● **Work item**
Print each line below verbatim, skipping every picture.

(Beginning of Supplied material)

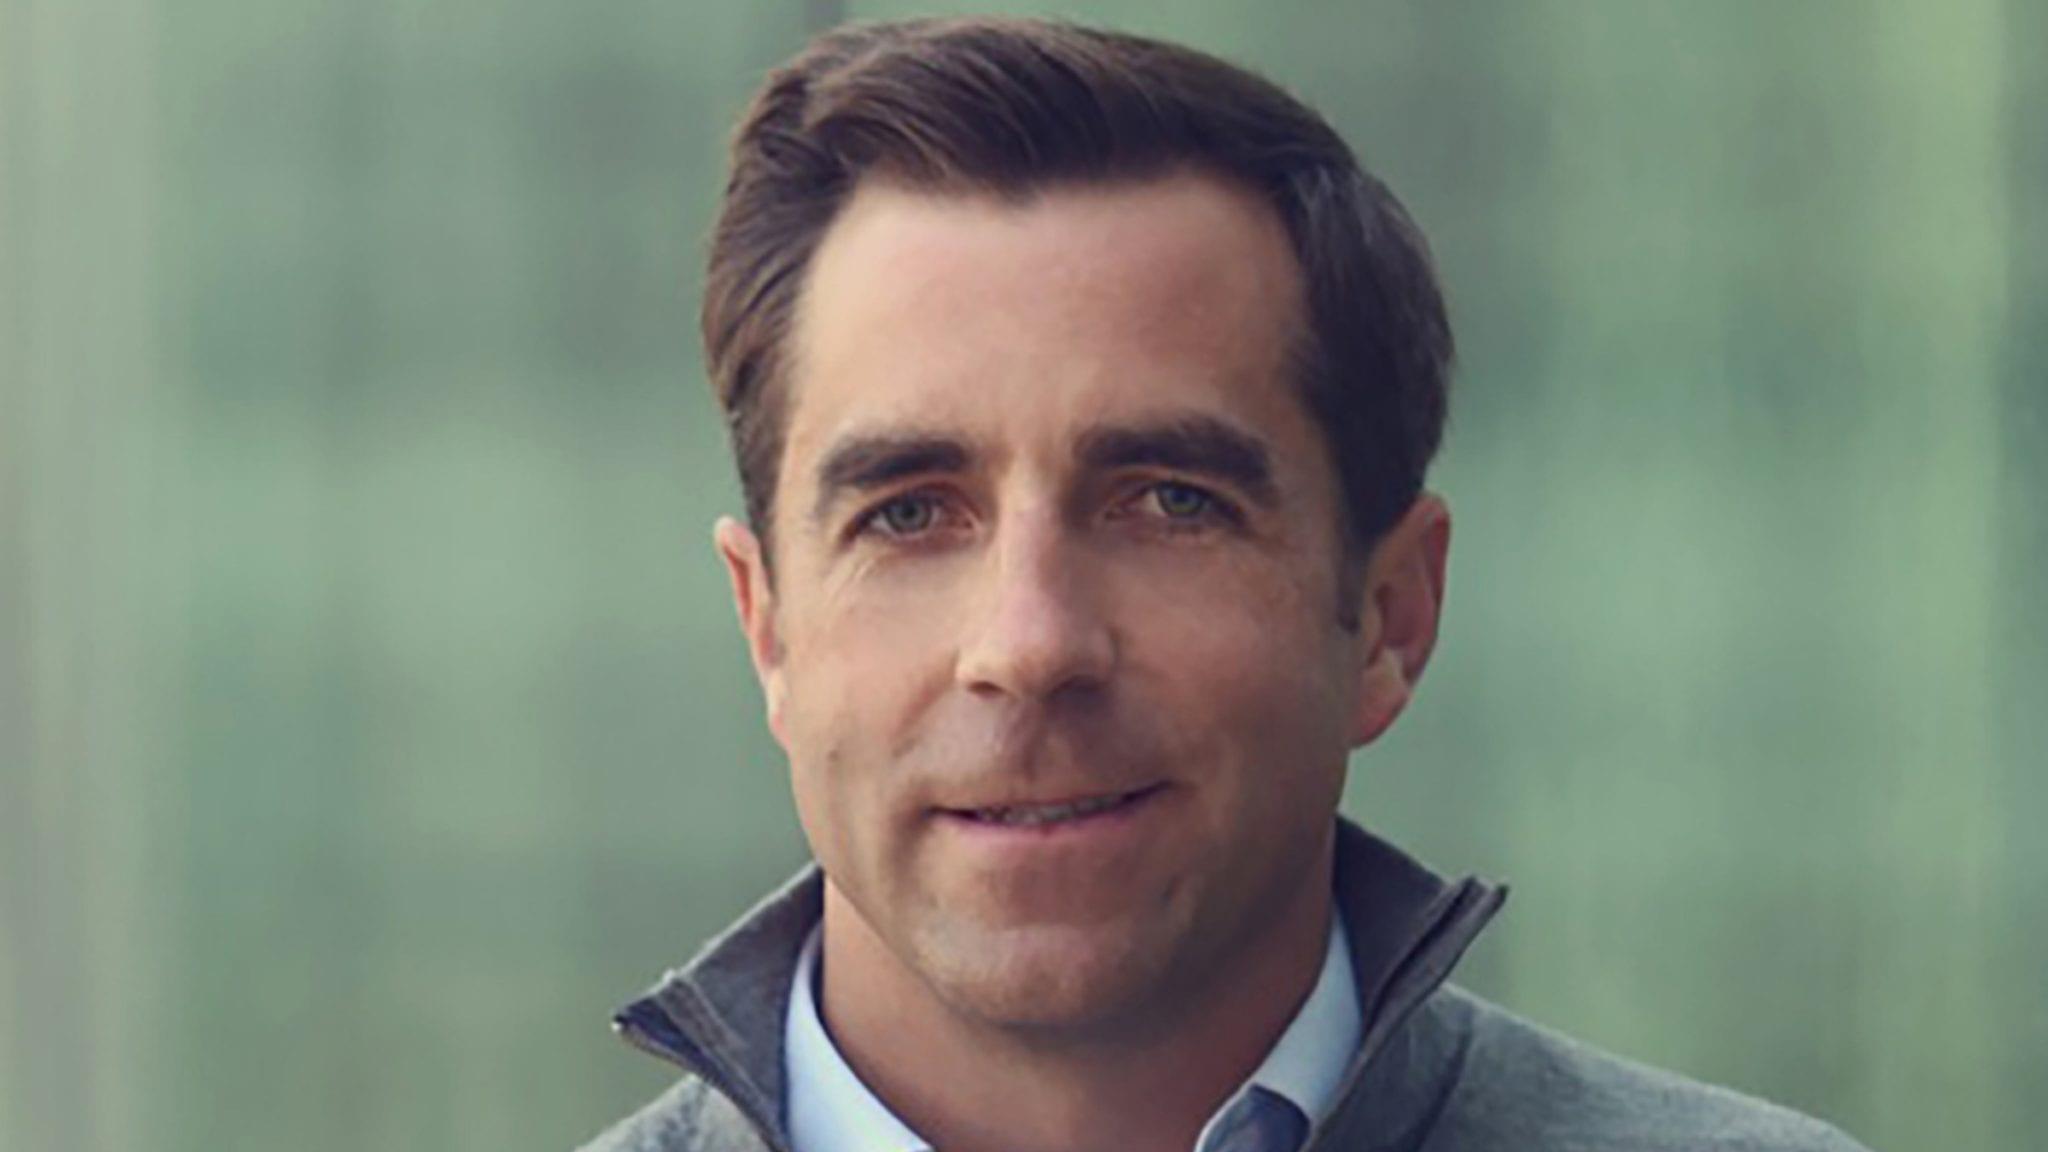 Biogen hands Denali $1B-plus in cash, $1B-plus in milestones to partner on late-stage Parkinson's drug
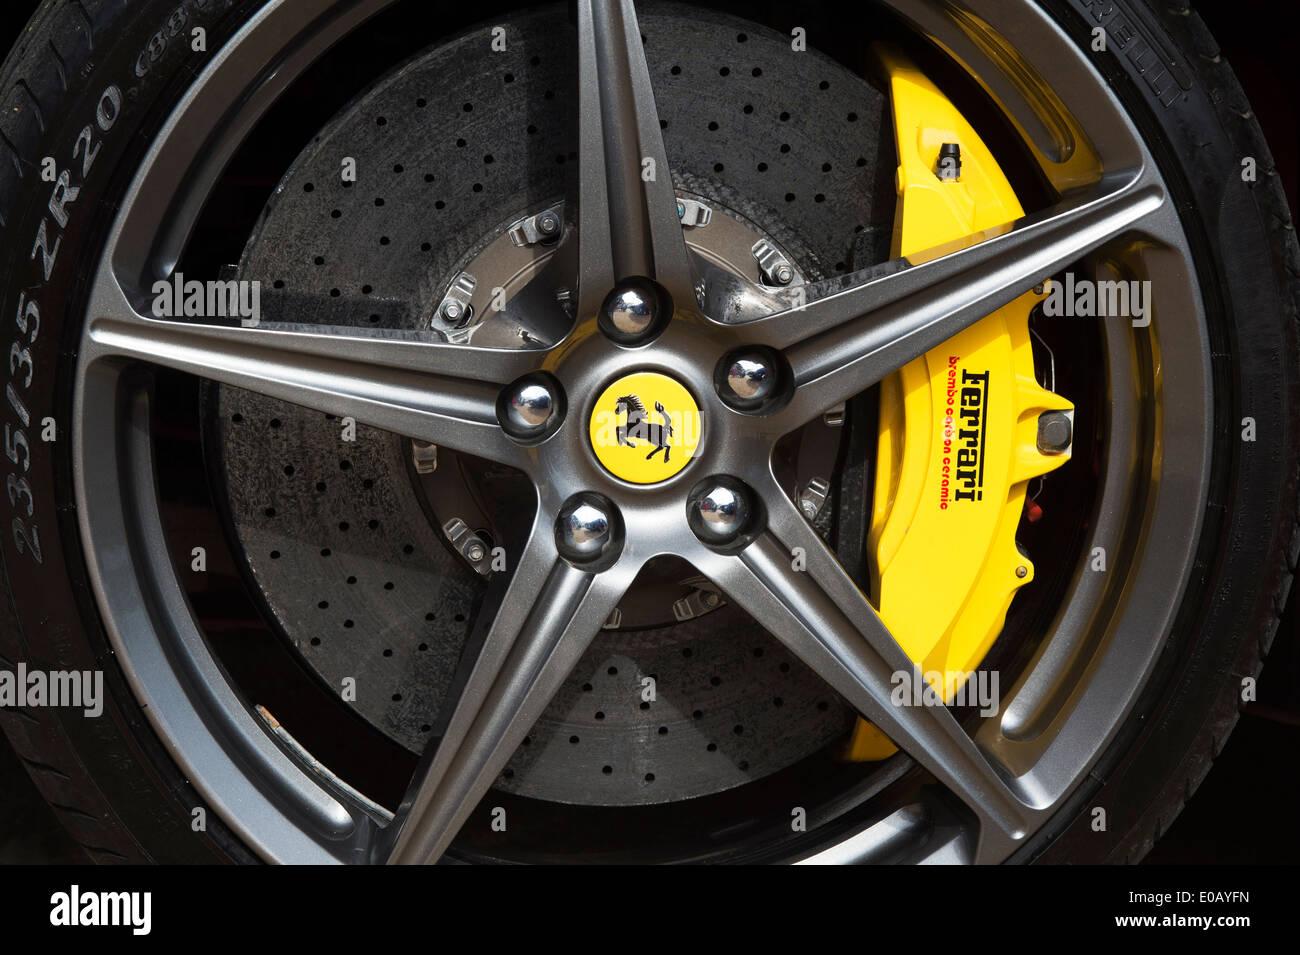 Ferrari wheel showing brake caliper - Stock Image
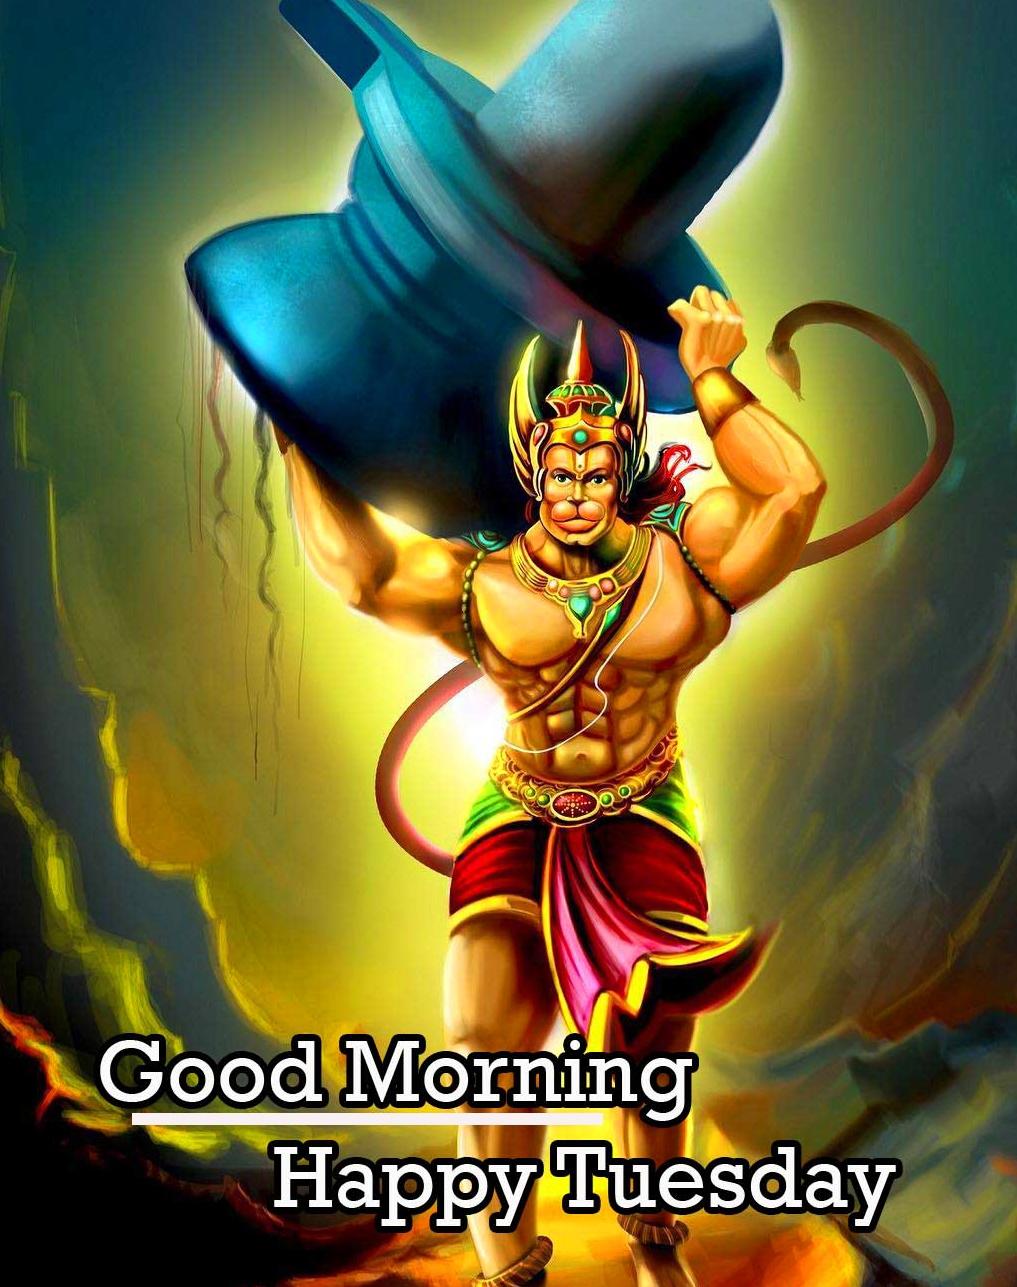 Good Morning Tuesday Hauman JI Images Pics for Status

(End of Supplied material)

● **Response to the task**
 Biogen hands Denali $1B-plus in cash, $1B-plus in milestones to partner on late-stage Parkinson's drug
 Ferrari wheel showing brake caliper - Stock Image
 Good Morning Tuesday Hauman JI Images Pics for Status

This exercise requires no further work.